**TASK PROMPT:**
With the pictures left out, return exactly the lines from the one containing "Brautpaarshooting in schwarzweiß" through the end of the listing below.

**DATASET CONTENT:**

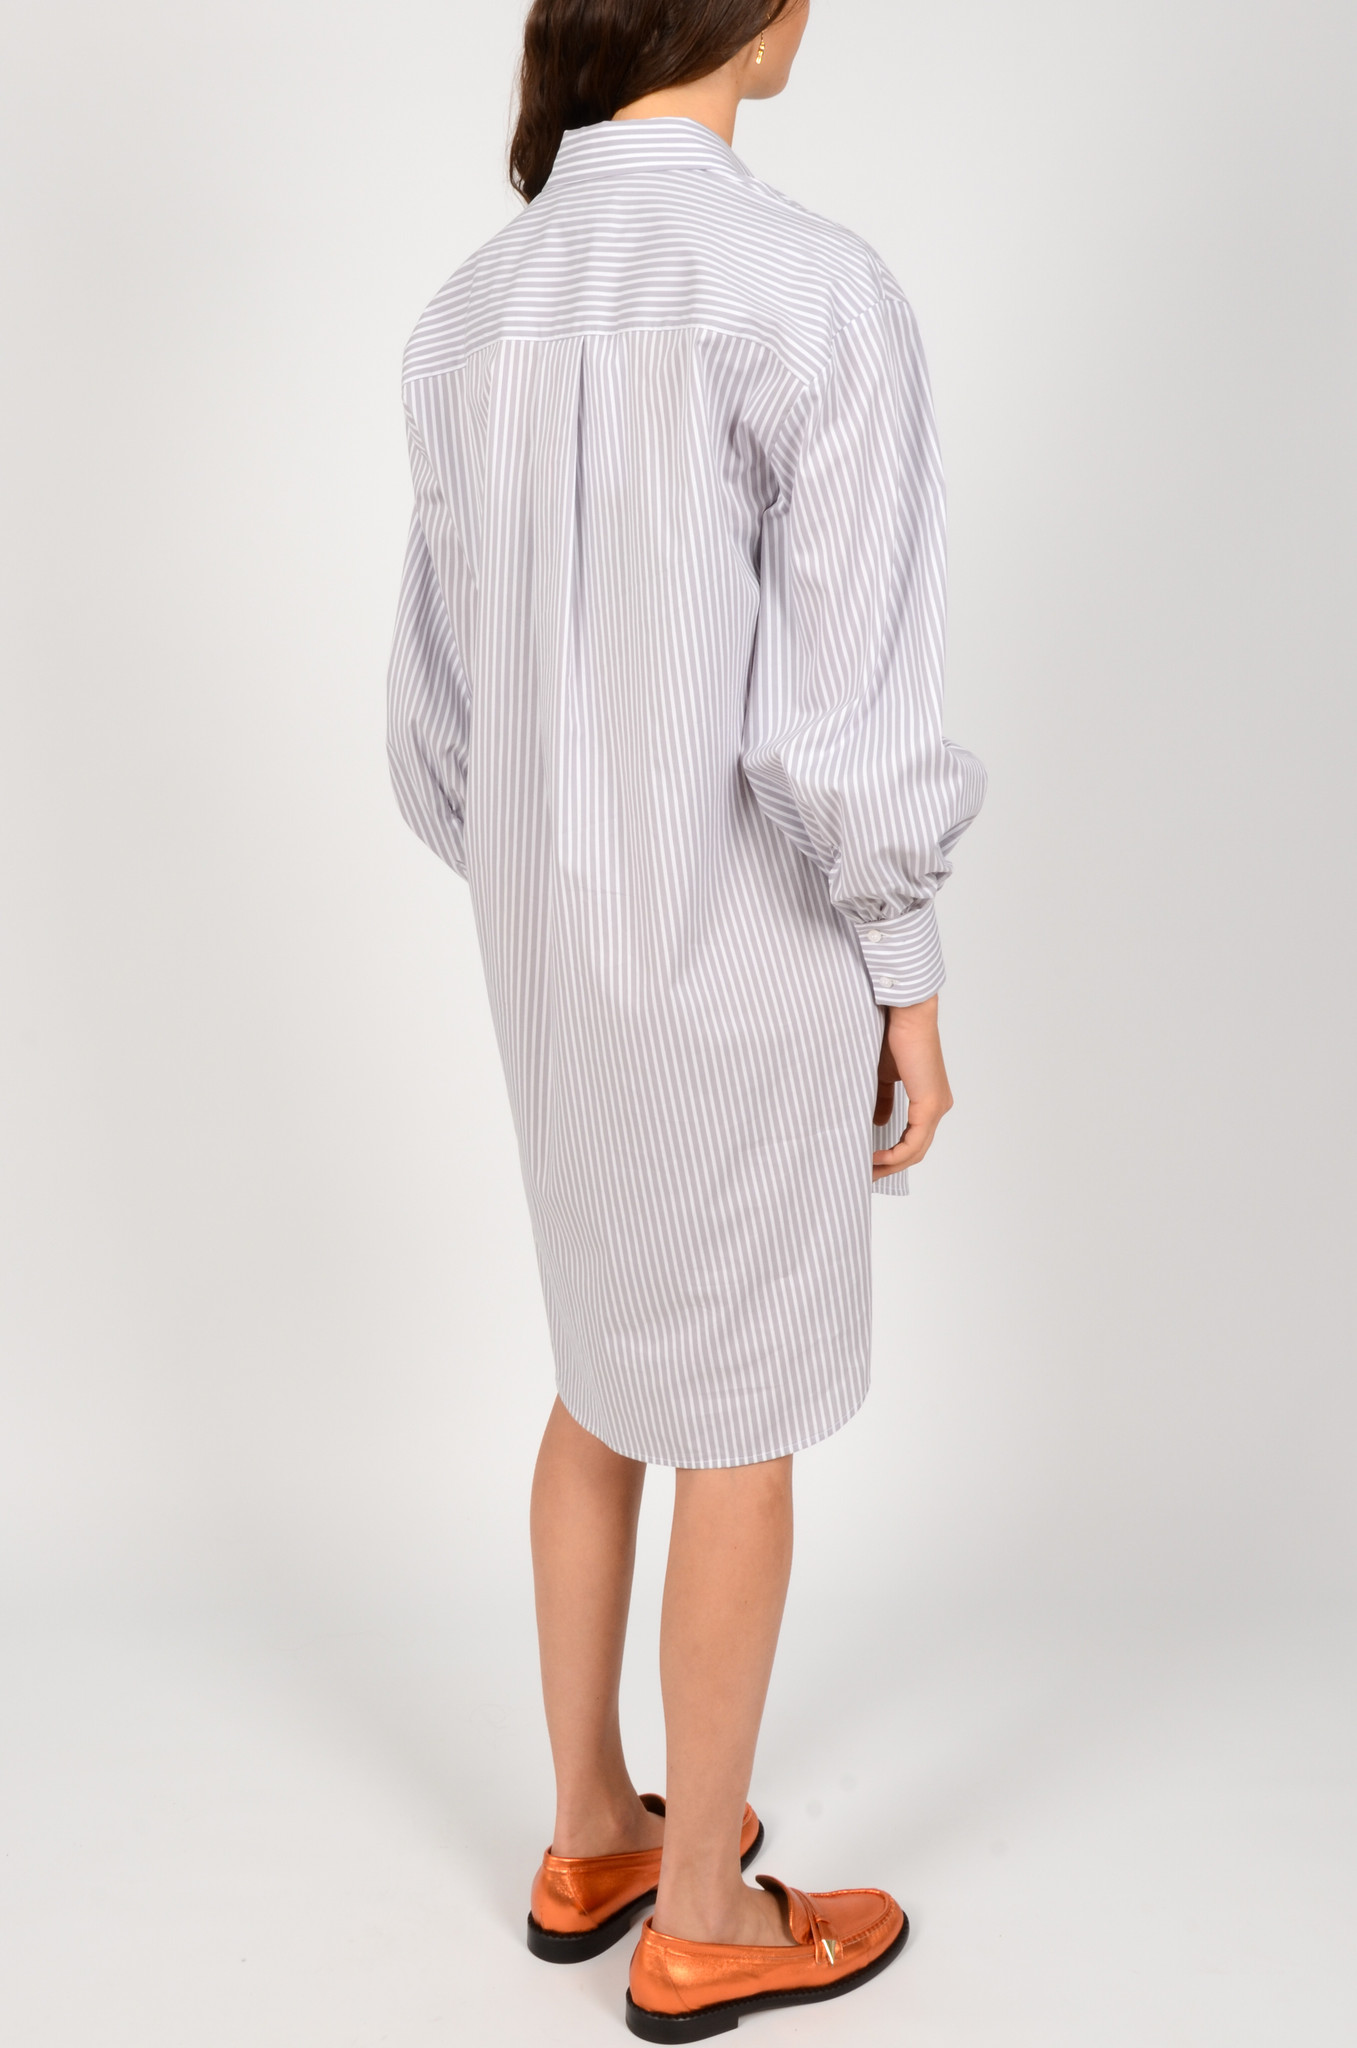 LIGHT GREY STRIPED SHIRT DRESS-3
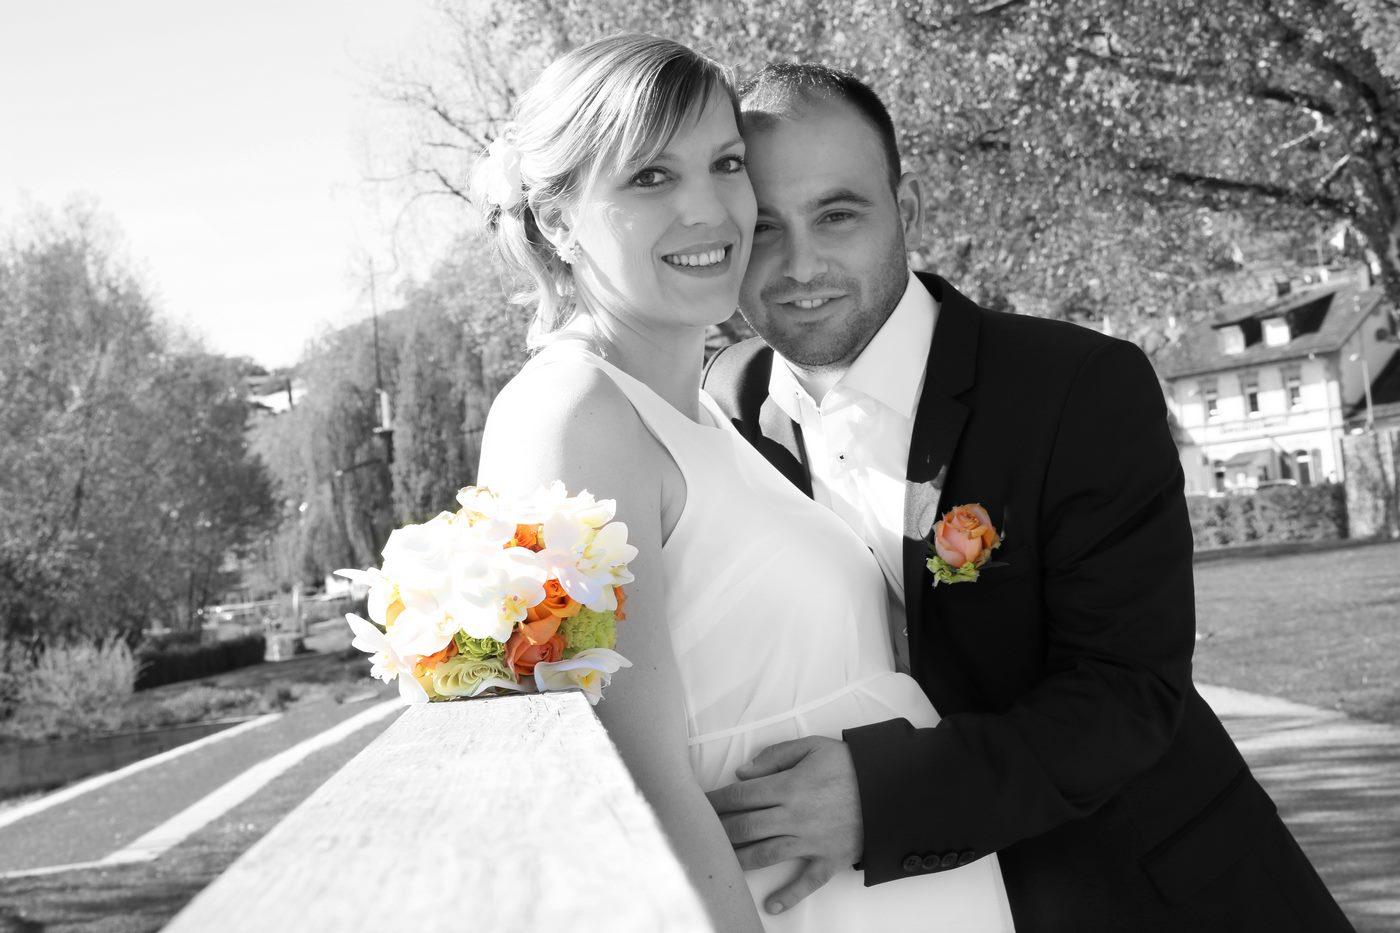 Brautpaarshooting in schwarzweiß mit farbigen Blumen
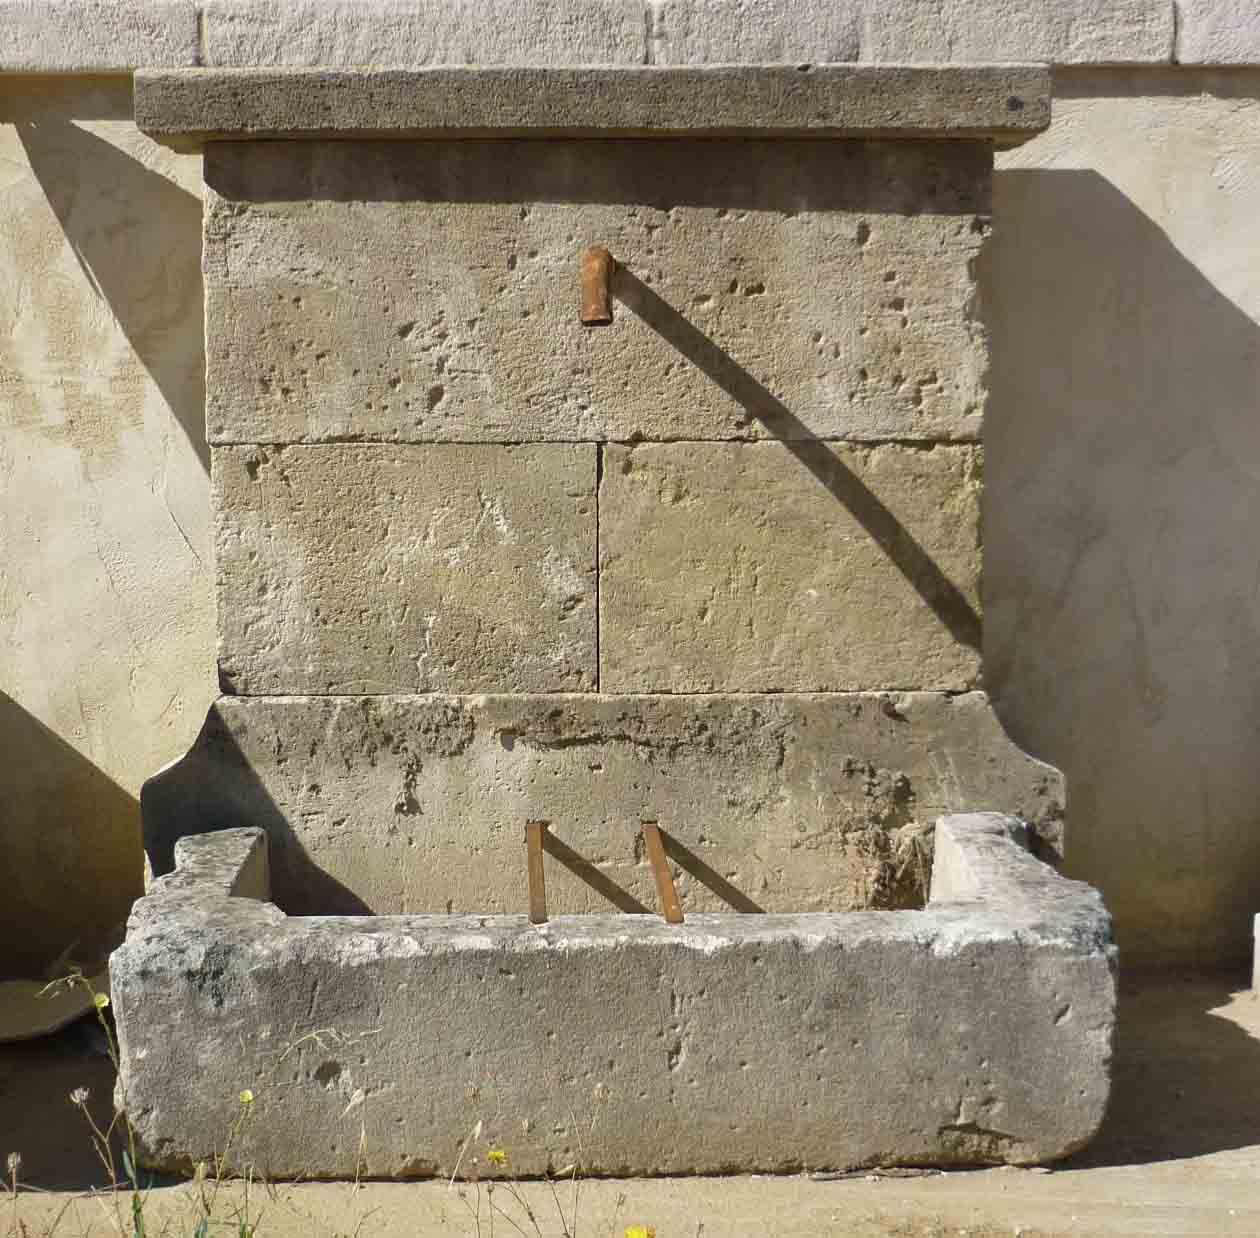 Fontaine en vieilles pierres les mat riaux anciens jean chabaud for Fontaine de jardin en pierre ancienne
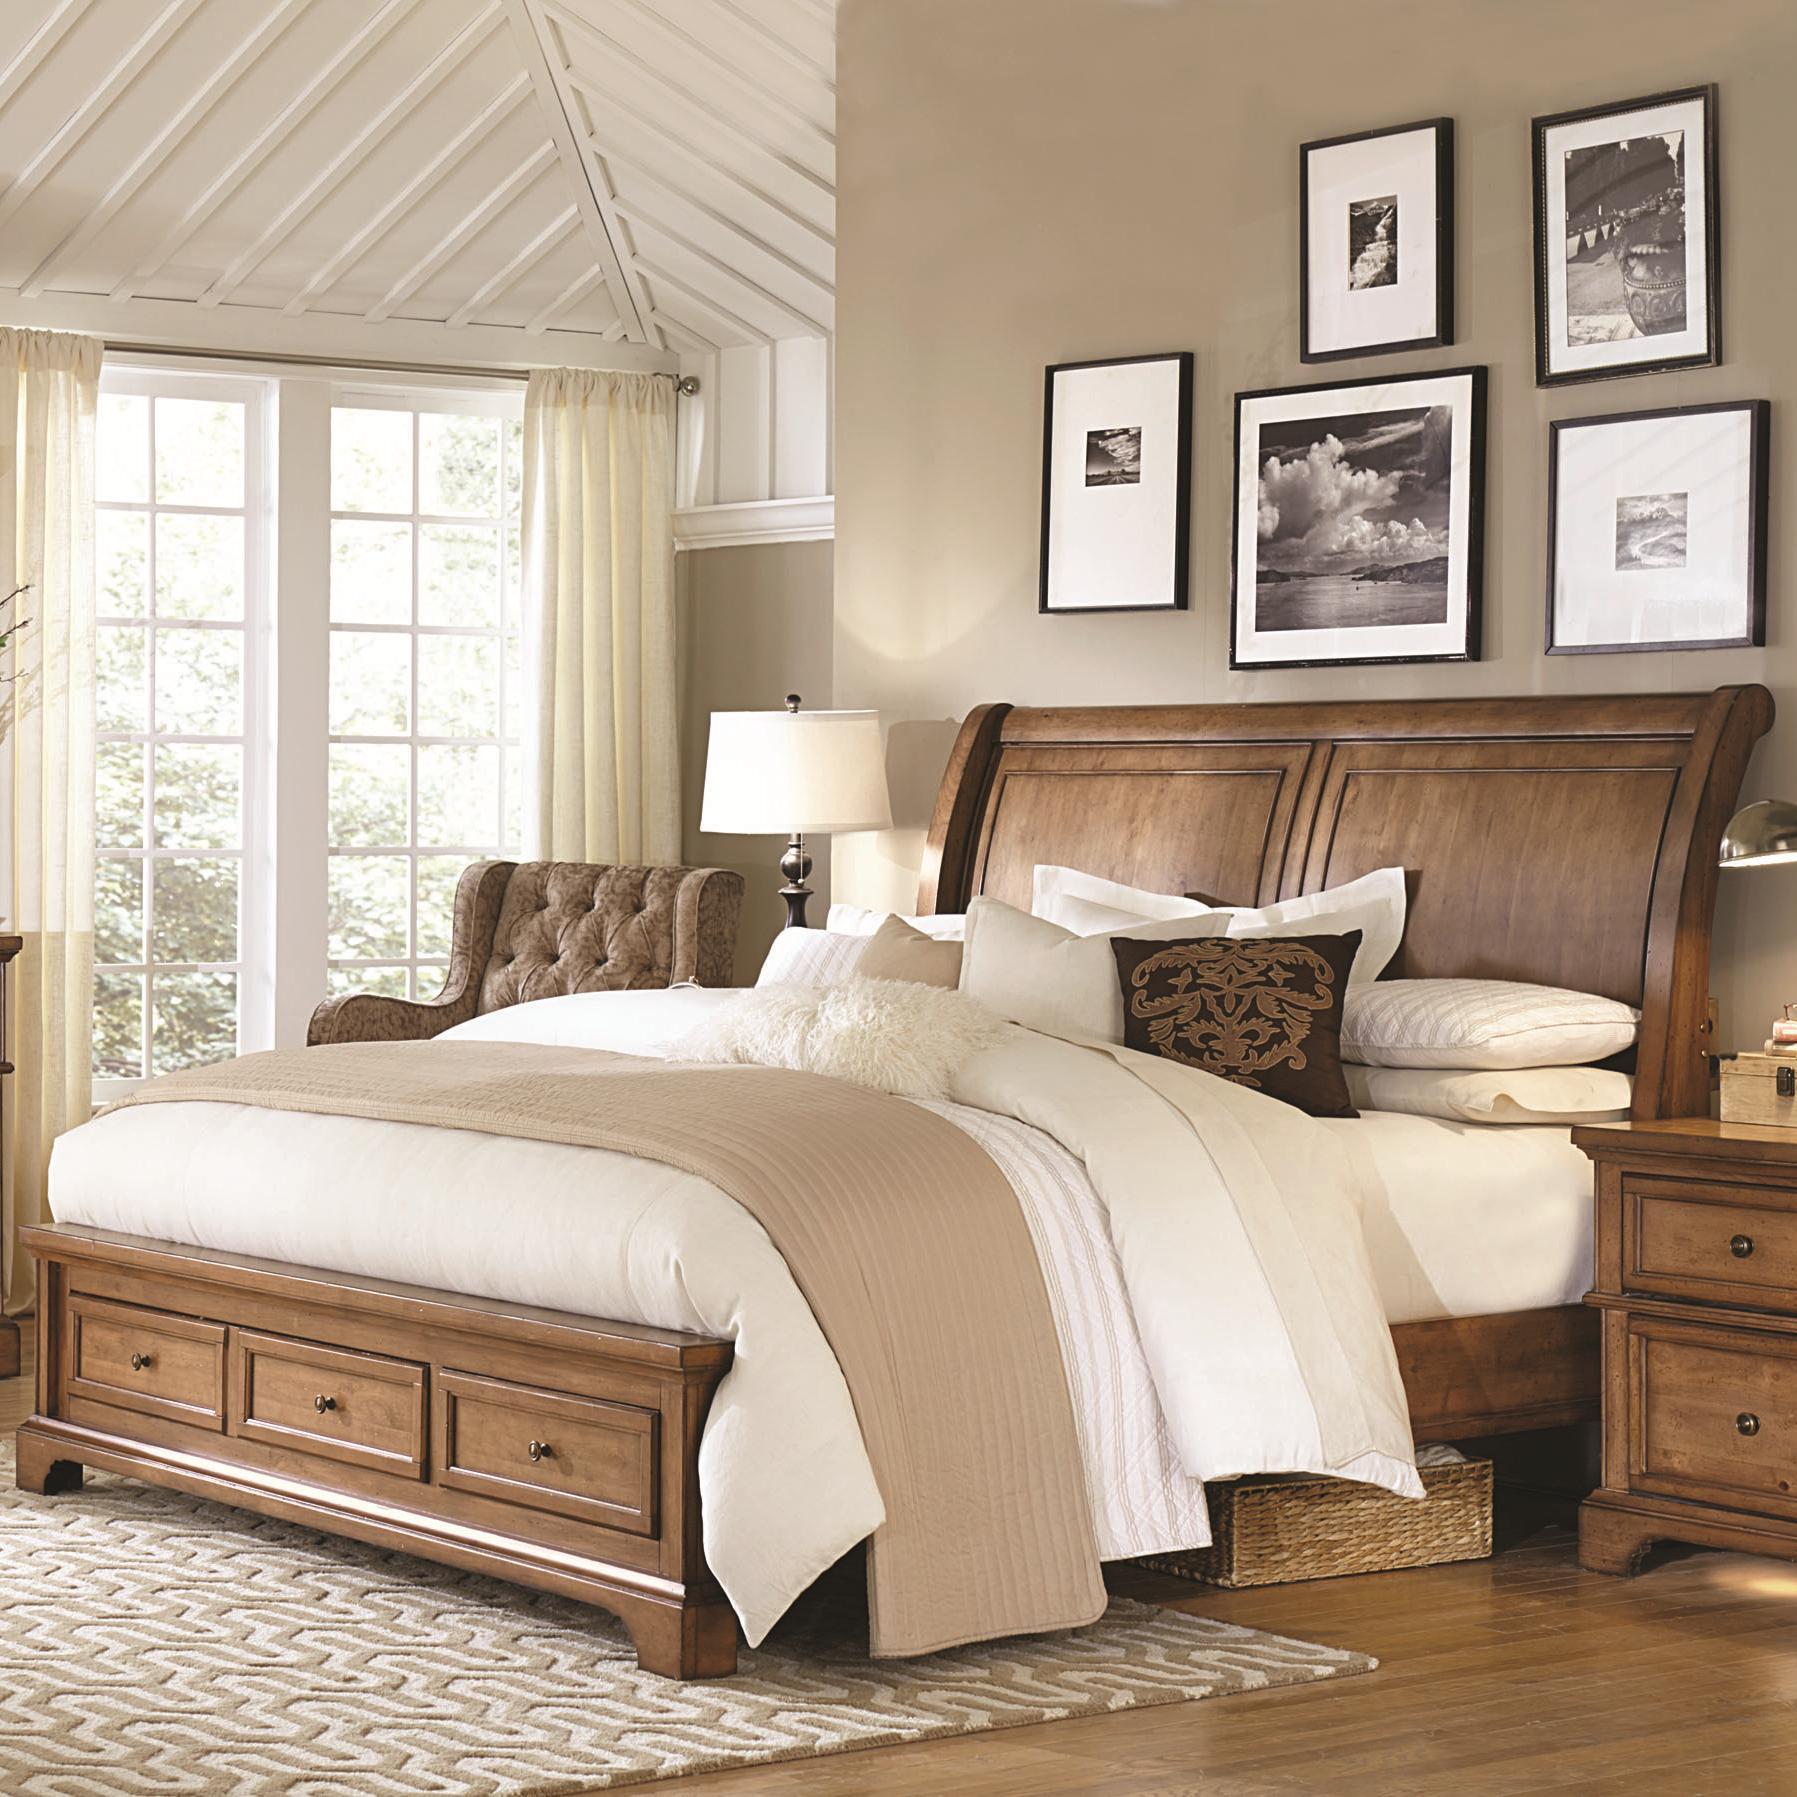 Aspenhome Alder Creek Queen Low Profile Sleigh Storage Bed Olinde 39 S Furniture Platform Beds

**EXPECTED ANSWER:**
 Brautpaarshooting in schwarzweiß mit farbigen Blumen
 Fontaine en vieilles pierres les mat riaux anciens jean chabaud for Fontaine de jardin en pierre ancienne
 Aspenhome Alder Creek Queen Low Profile Sleigh Storage Bed Olinde 39 S Furniture Platform Beds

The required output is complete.